Find the slope of the straight line whose equation is six 𝑦 equals 𝑎𝑥 plus nine and passes through the point 𝐴 with coordinate seven, negative two.
The slope or gradient of a straight line is the steepness of that line. Lines with a positive gradient slope upwards from left to right, whereas lines with a negative gradient slope downwards from left to right. It’s relatively straightforward to determine the slope of a straight line if its equation is already in what we call slope–intercept form, 𝑦 equals 𝑚𝑥 plus 𝑐. As here, the value 𝑚 represents the slope of the line and the value 𝑐 represents the 𝑦-intercept. That’s the 𝑦-value at which the straight line intersects the 𝑦-axis.
Looking at the equation of the line we’ve been given, we can see that it is nearly in this form, although instead of just being 𝑦 on the left-hand side, it is six 𝑦. However, we can bring it into the form 𝑦 equals 𝑚𝑥 plus 𝑐 if we divide both sides of the equation by six. On the left, dividing by six gives 𝑦. And on the right-hand side, dividing by six gives the expression 𝑎𝑥 plus nine all over six.
We can separate the expression on the right-hand side of this equation into the sum of two separate fractions with a common denominator of six. We can write it as 𝑎𝑥 over six or 𝑎 over six 𝑥 plus nine over six. The value of nine over six can actually be simplified by dividing both the numerator and denominator of this fraction by three, to give the simplified fraction three over two. Now, comparing the equation of our line with the general form, we see that the slope of our line is 𝑎 over six because the coefficient of 𝑥 — that’s the value in front of the 𝑥 — is 𝑎 over six. And although we haven’t been asked to give the 𝑦-intercept of our line, we can see that it is equal to three over two.
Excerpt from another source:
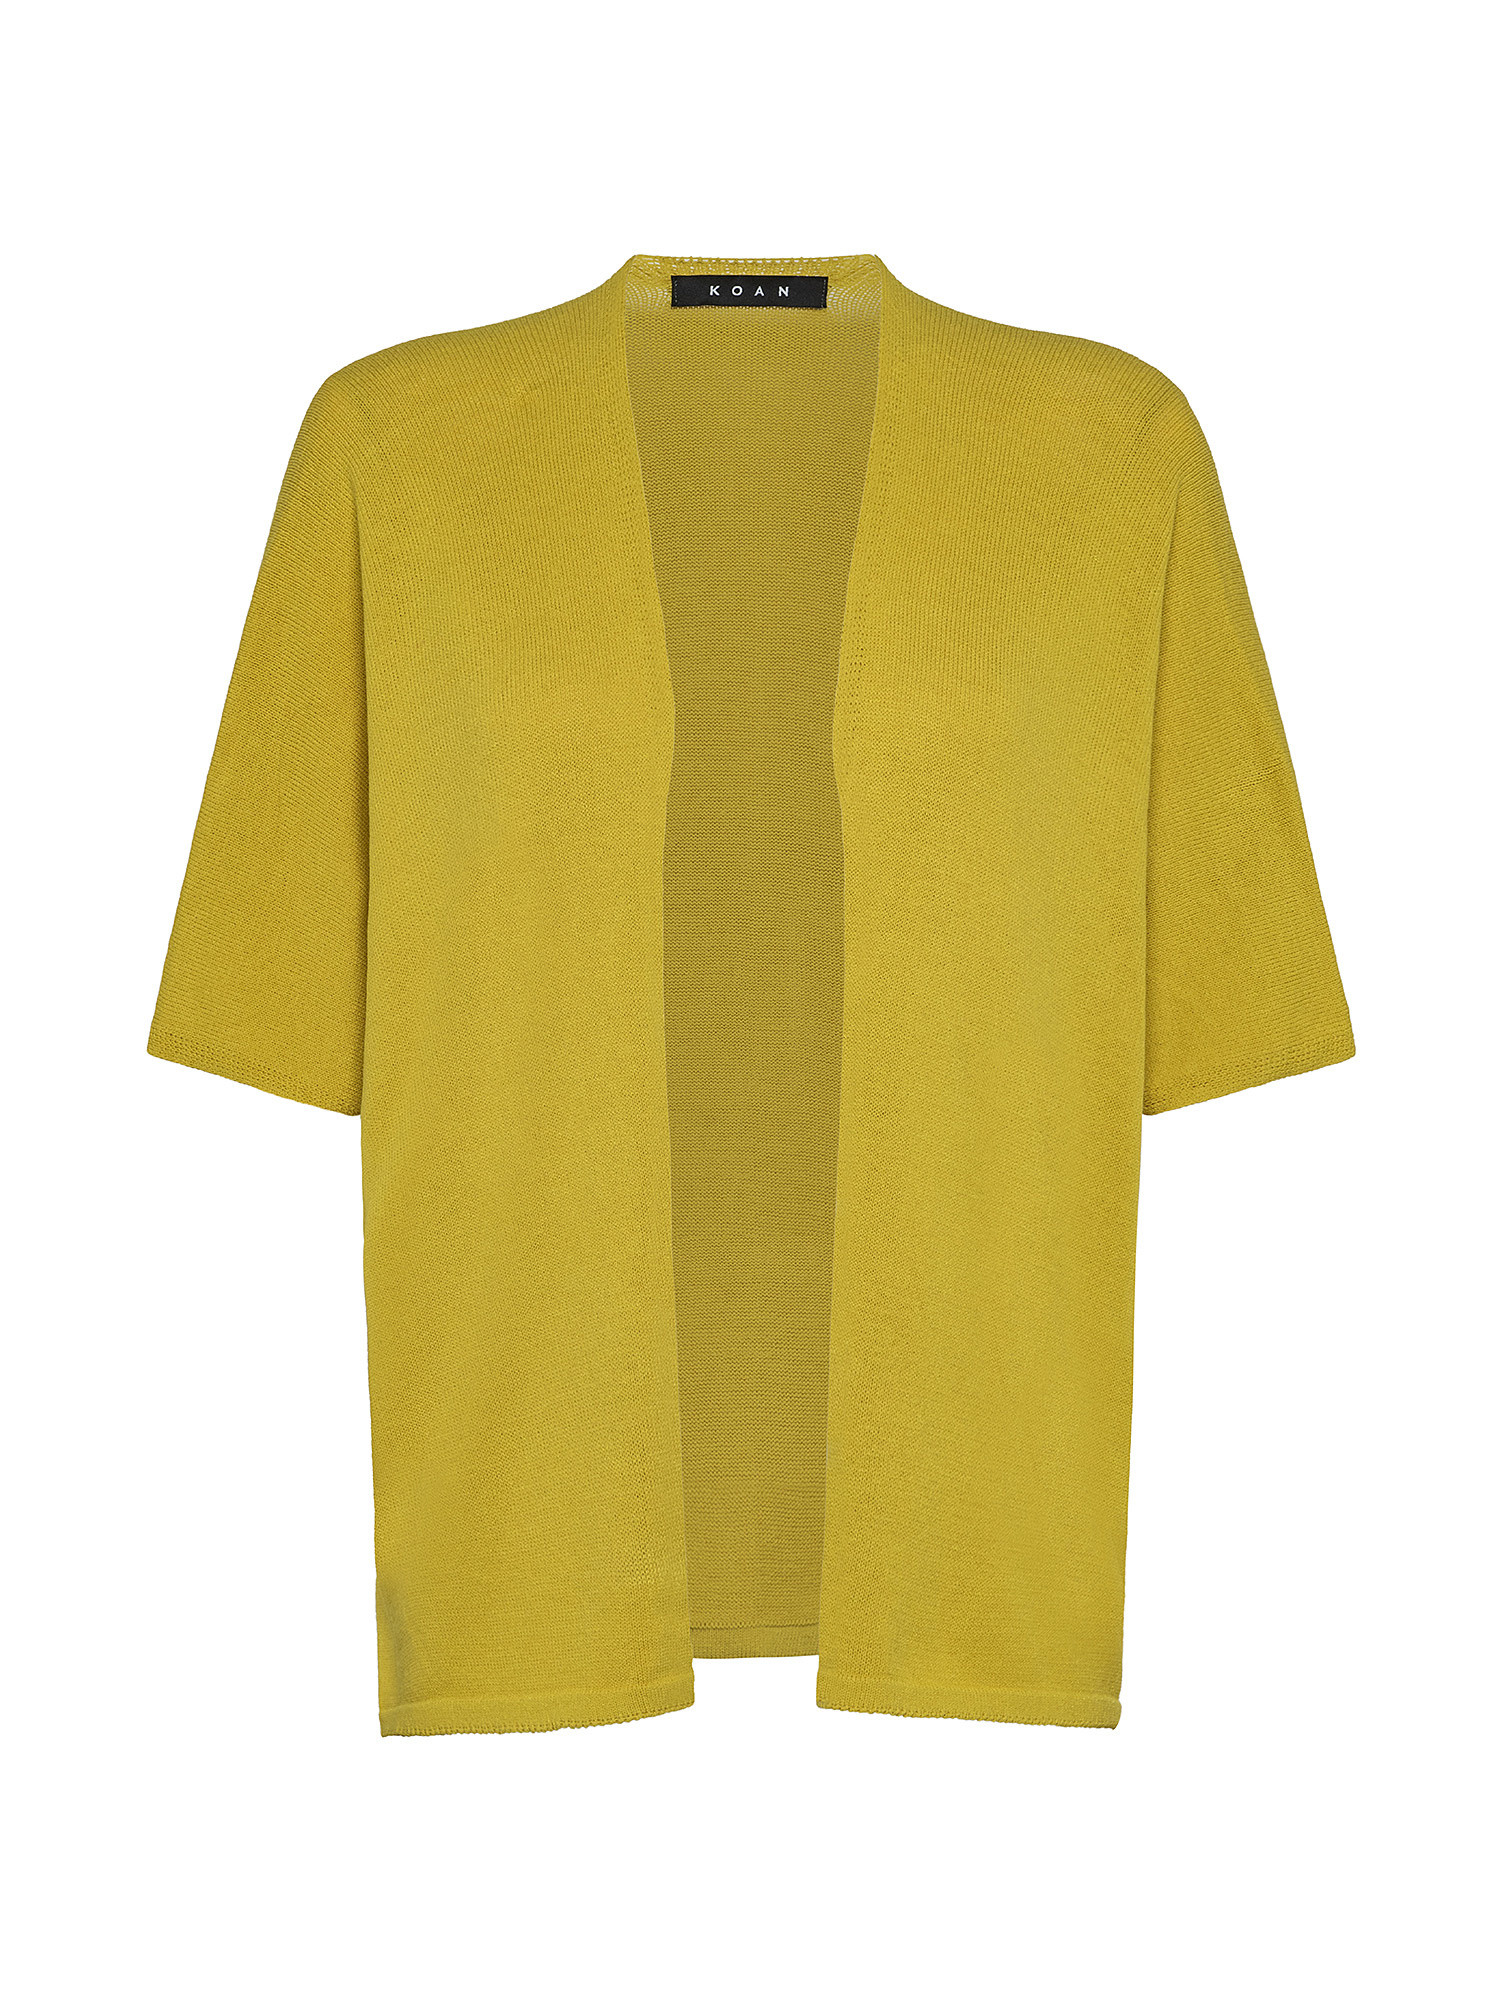 Cardigan, Mustard Yellow, large image number 0

In order to determine the slope of this straight line then, we need to work out the value of this constant 𝑎. To do so, we use the fact that this straight line passes through the point capital 𝐴, which has coordinates seven, negative two. As this point lies on our straight line, this pair of 𝑥- and 𝑦-values must satisfy the equation of the straight line. So, we know that when 𝑥 is equal to seven, 𝑦 must be equal to negative two. And we have a pair of values for 𝑥 and 𝑦 which we can substitute into the equation of our line in order to find the value of 𝑎.
Let’s substitute into the equation of our straight line in the form it was originally given in because this form doesn’t involve any fractions. Substituting negative two for 𝑦 and seven for 𝑎, we get the equation six multiplied by negative two is equal to 𝑎 multiplied by seven plus nine. Six multiplied by negative two is equal to negative 12. Remember, a positive multiplied by a negative gives a negative answer. And on the right-hand side, 𝑎 multiplied by seven can be written as seven 𝑎. So, we have the equation negative 12 equals seven 𝑎 plus nine, which we now wish to solve to find the value of 𝑎.
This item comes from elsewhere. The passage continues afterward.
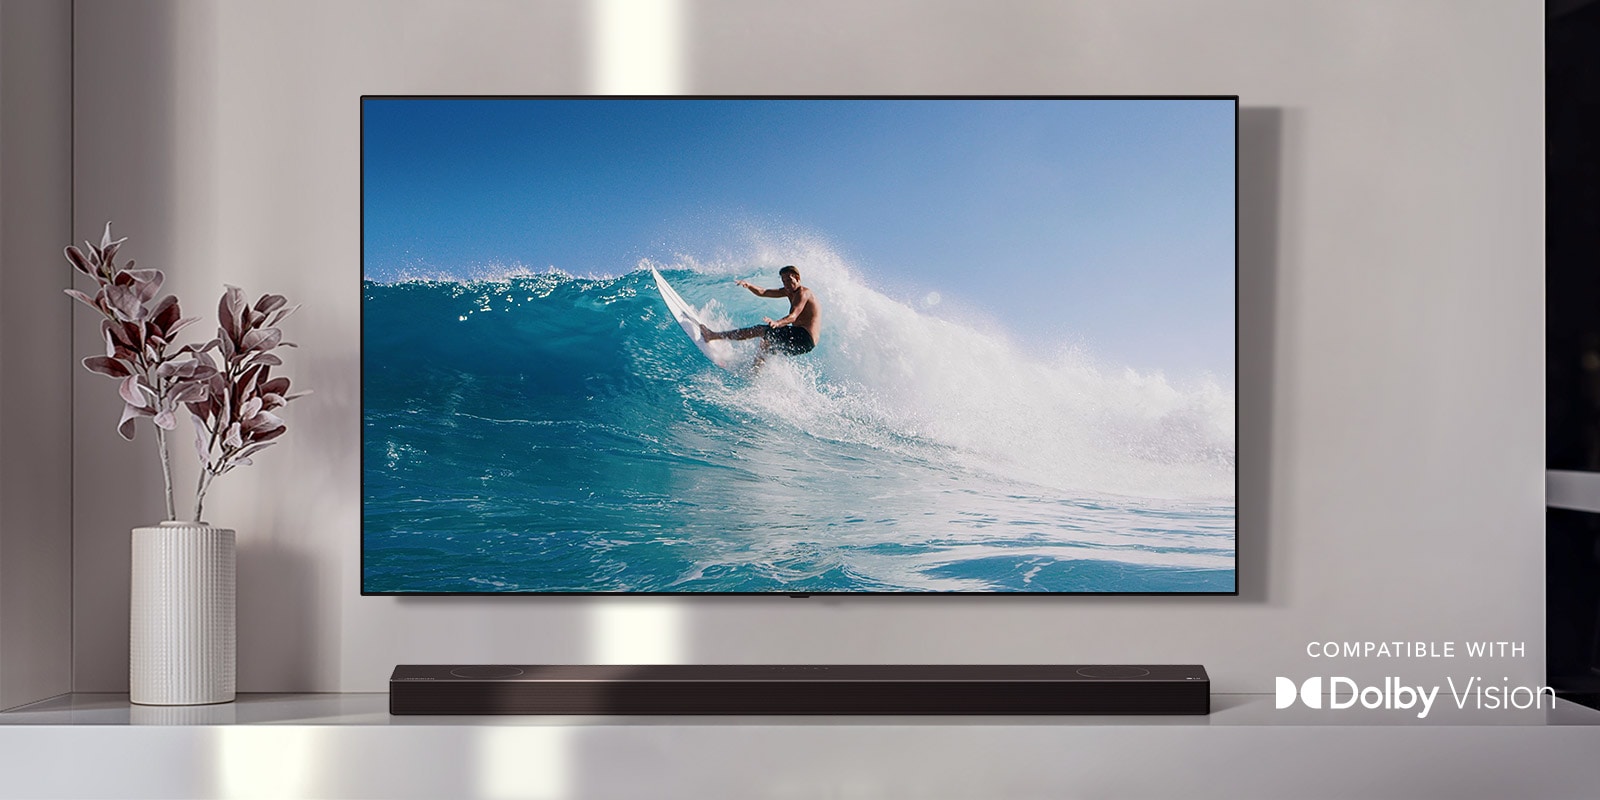 تلویزیون روی دیوار نصب شده است. تلویزیون مردی را در حال موج سواری روی موجی بزرگ نشان می‌دهد. ساندبار ال‌جی درست در زیر تلویزیون و روی قفسه‌ای به رنگ سفید قرار گرفته است. گلدانی با گل‌های داخلش درست در کنار ساندبار مشاهده می‌شود. (ویدئو را پخش کنید)

We begin by subtracting nine from each side of the equation. On the right-hand side, we’re just left with seven 𝑎. And on the left-hand side, negative 12 minus a further nine takes us to negative 21. Our final step in solving this equation is to divide both sides by seven. On the right, seven 𝑎 divided by seven just gives 𝑎. And on the left, negative 21 divided by seven gives negative three. Remember, a negative divided by a positive gives a negative answer. So, we found the value of 𝑎. 𝑎 is equal to negative three.
Our final step is to substitute this value for 𝑎 into the expression we found for the slope of our line. Remember, we said that the slope of our line was equal to 𝑎 over six. So, substituting 𝑎 equals negative three gives that the slope of the line is equal to negative three over six. We can simplify this fraction though by dividing both the numerator and denominator by three. Three divided by three is one, and six divided by three is two.
So, we’ve found that the slope of the straight line whose equation is six 𝑦 equals 𝑎𝑥 plus nine and passes through the point with coordinate seven, negative two is negative one-half.